Ivy Compton-Burnett isn’t entirely new to me, as I attempted to read her at university (but, I will freely admit, found her all but impossible to penetrate). After attending a talk on her, I went back to her books, and I’m so glad I did. I’ve written here about A House and its Head.
More Women Than Men features a similar domestic tyrant, in the person of Josephine Napier, who runs a girls’ school. Her appearance is benign, but in reality she is cruel and manipulative. Her brother, Jonathan, has a very gay relationship with a much younger, effete man, called Felix, who likes to sit on his lap and talk about their intimacy. Yet Jonathan, in his youth, sired a son called Gabriel, whom Josephine has brought up as her own.

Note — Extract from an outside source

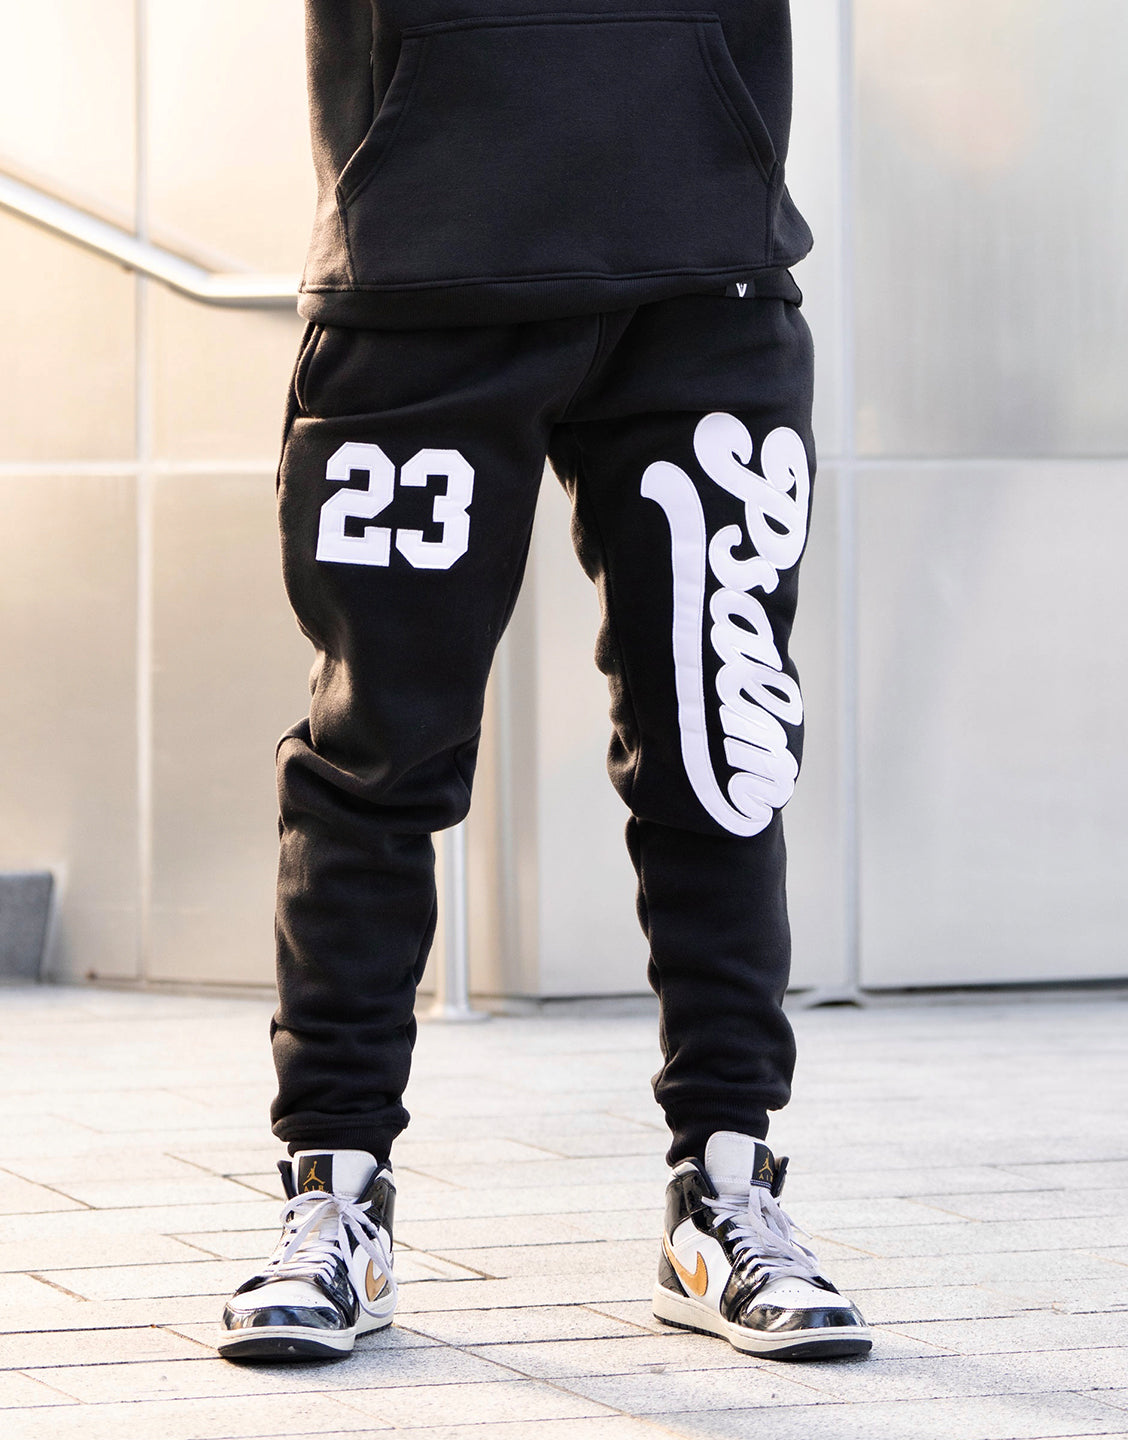 Japanese Hip Hop Graphic Printed Sweatpants For Men Stylish Long Black  Streetwear Pants For Spring 210930 From Kong003, $17.66 | DHgate.Com
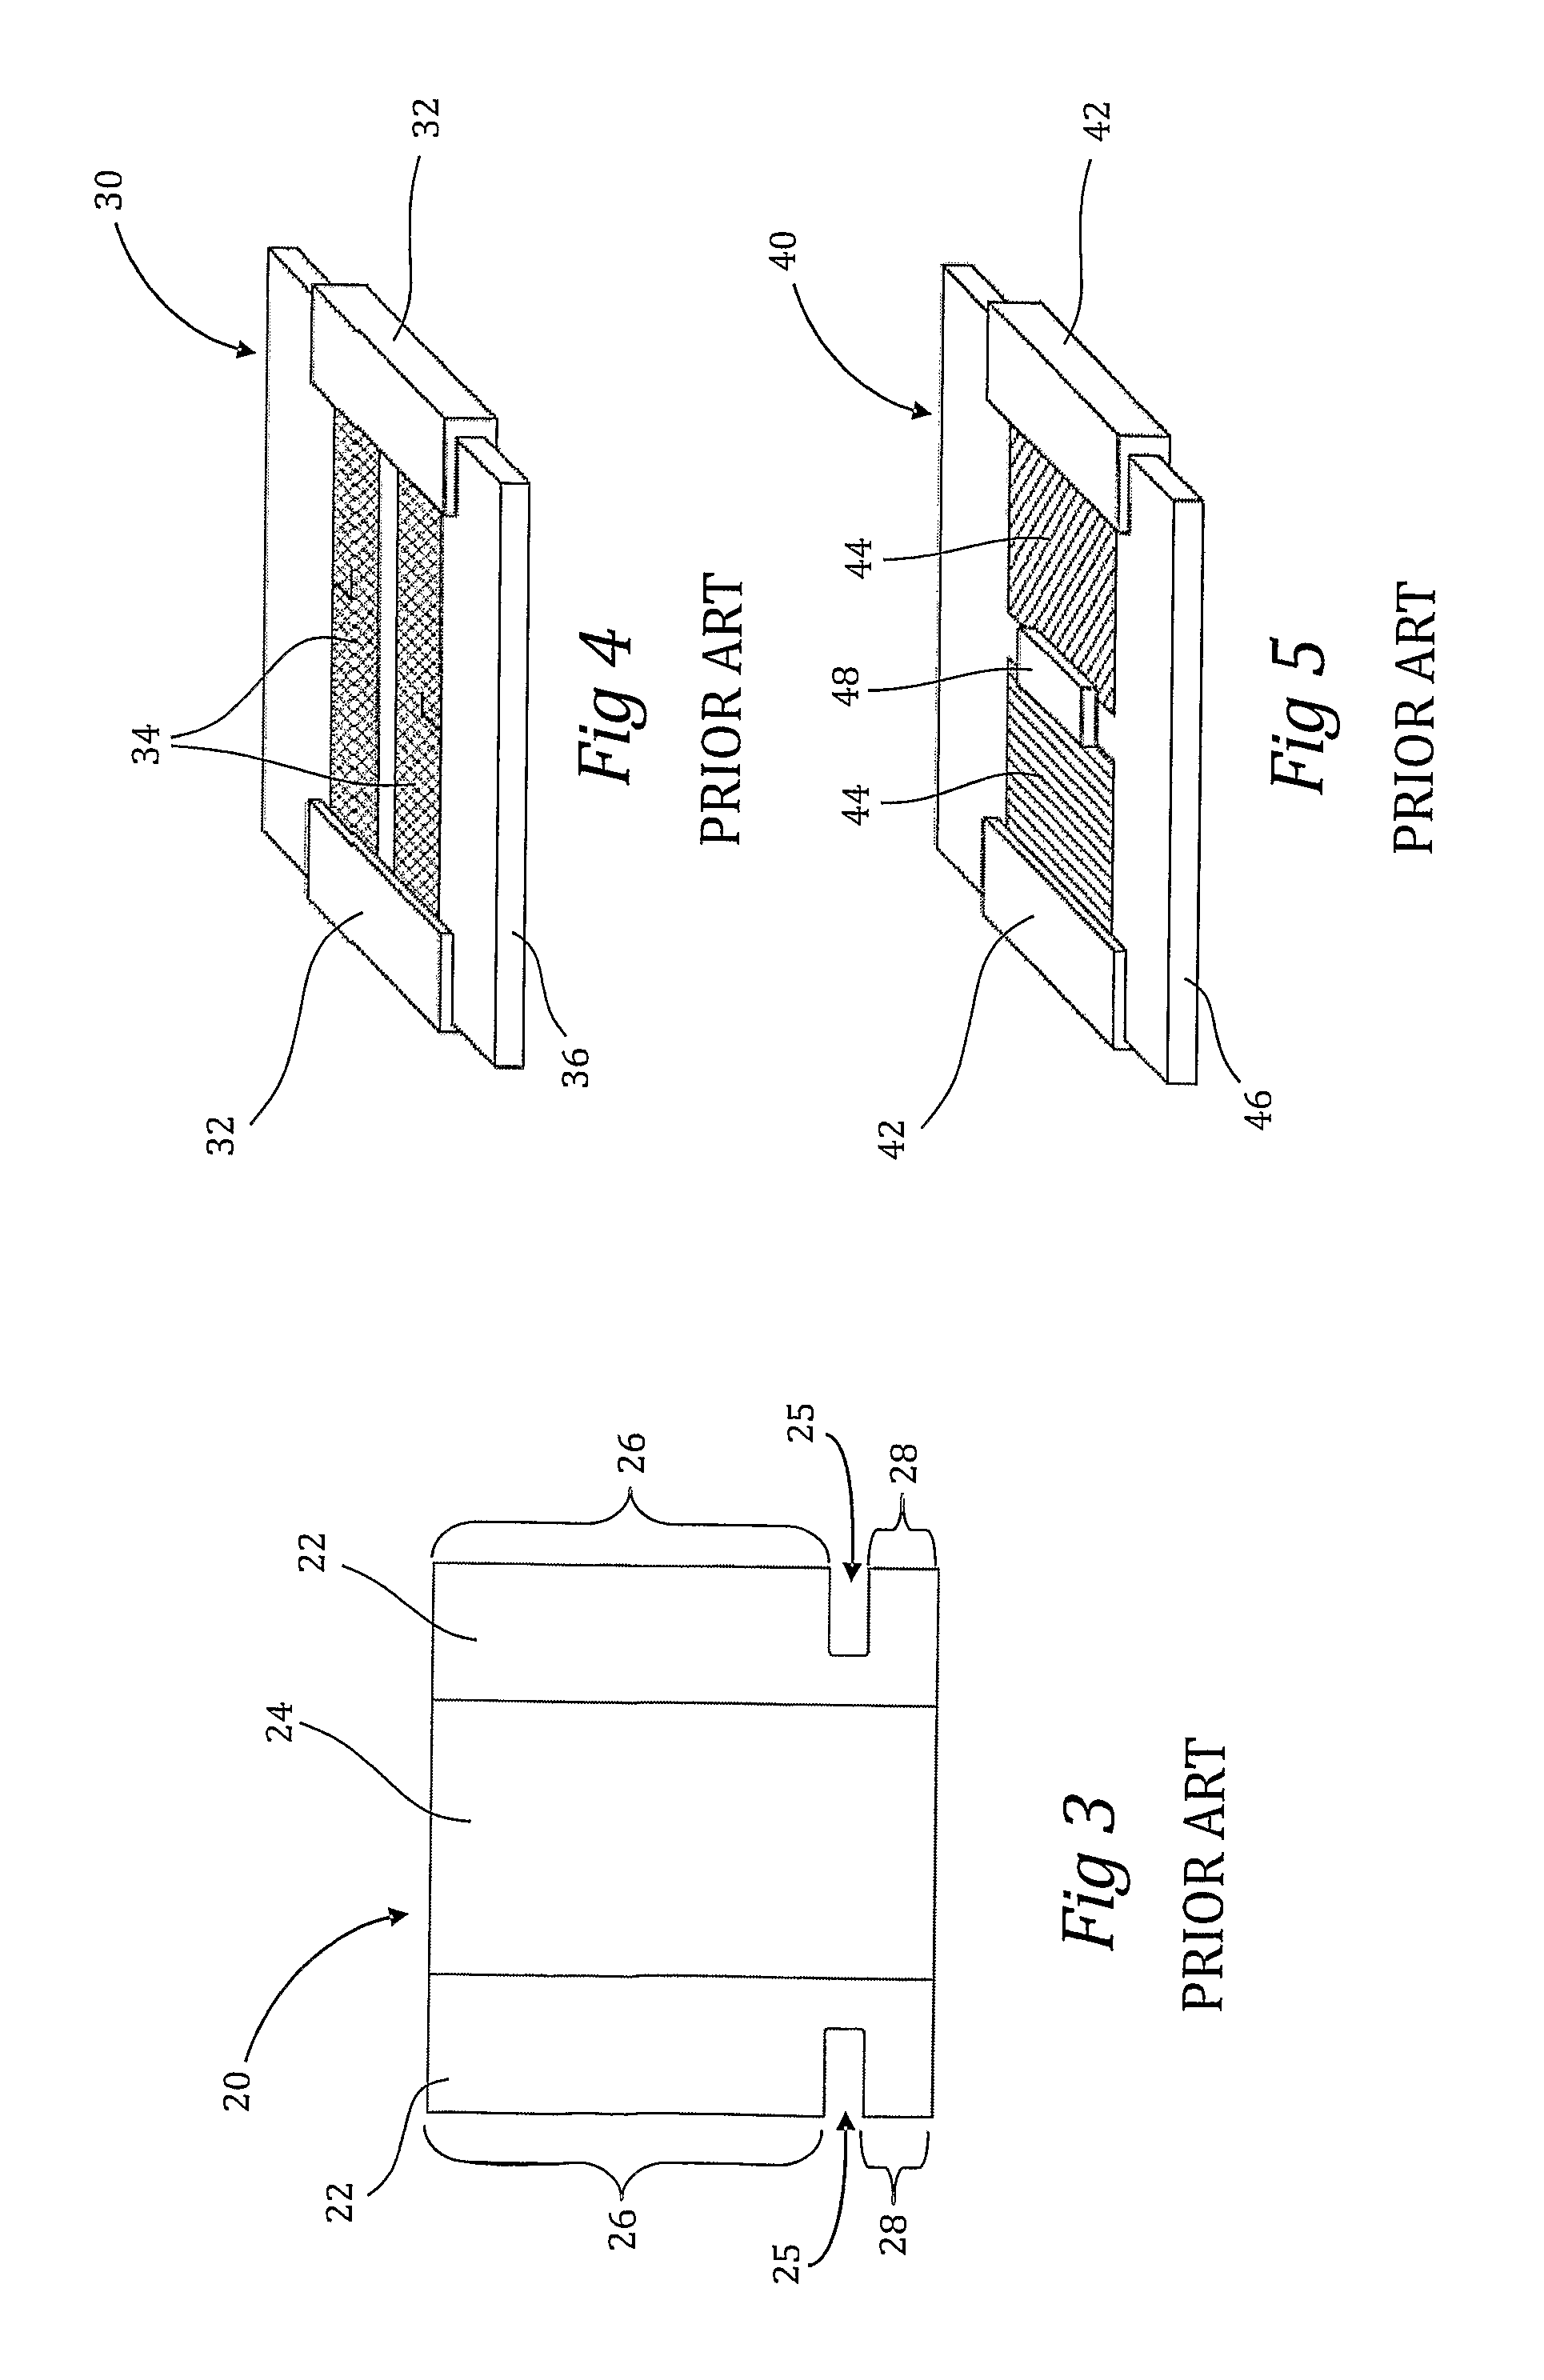 Four-terminal resistor with four resistors and adjustable temperature coefficient of resistance

Though set in a girls’ school, we see nothing of the appartus of education. There is a hilarious scene at a party, where Felix defends his position as drawing master to parents who think that teaching girls is beneath a man. The plot hinges around two weddings: one ends in tragedy.
It would not be giving away too much to say that there are many secrets in the book: that to do with Gabriel’s parentage is the most pertinent to the plot. There are also, as you would expect from a Compton-Burnett novel, two deaths: one absolutely farcical; the other absolutely sinister, and perhaps the most inventive murder I’ve ever read about.
The characters speak elusively, elliptically and insinuatingly. It can sometimes be hard to make out what it is that they are - or aren’t - saying. Like A House and its Head, they try to escape tyranny, and some manage it: but Josephine retains her position, and it’s clear, at the end, that she’s willing to continue her manipulations and power plays all her life.
Reading an Ivy Compton-Burnett novel can be an odd experience. If you are distracted by a knock on the door, or similar, you may find that you’ve missed something crucial. But it remains strangely satisfying, and her understanding of human psychology and emotion is absolutely pinpoint. They are snapshots of life, even if they seem artificial: somehow, the artificiality is what renders the characters human. I’m certainly looking forward to reading more.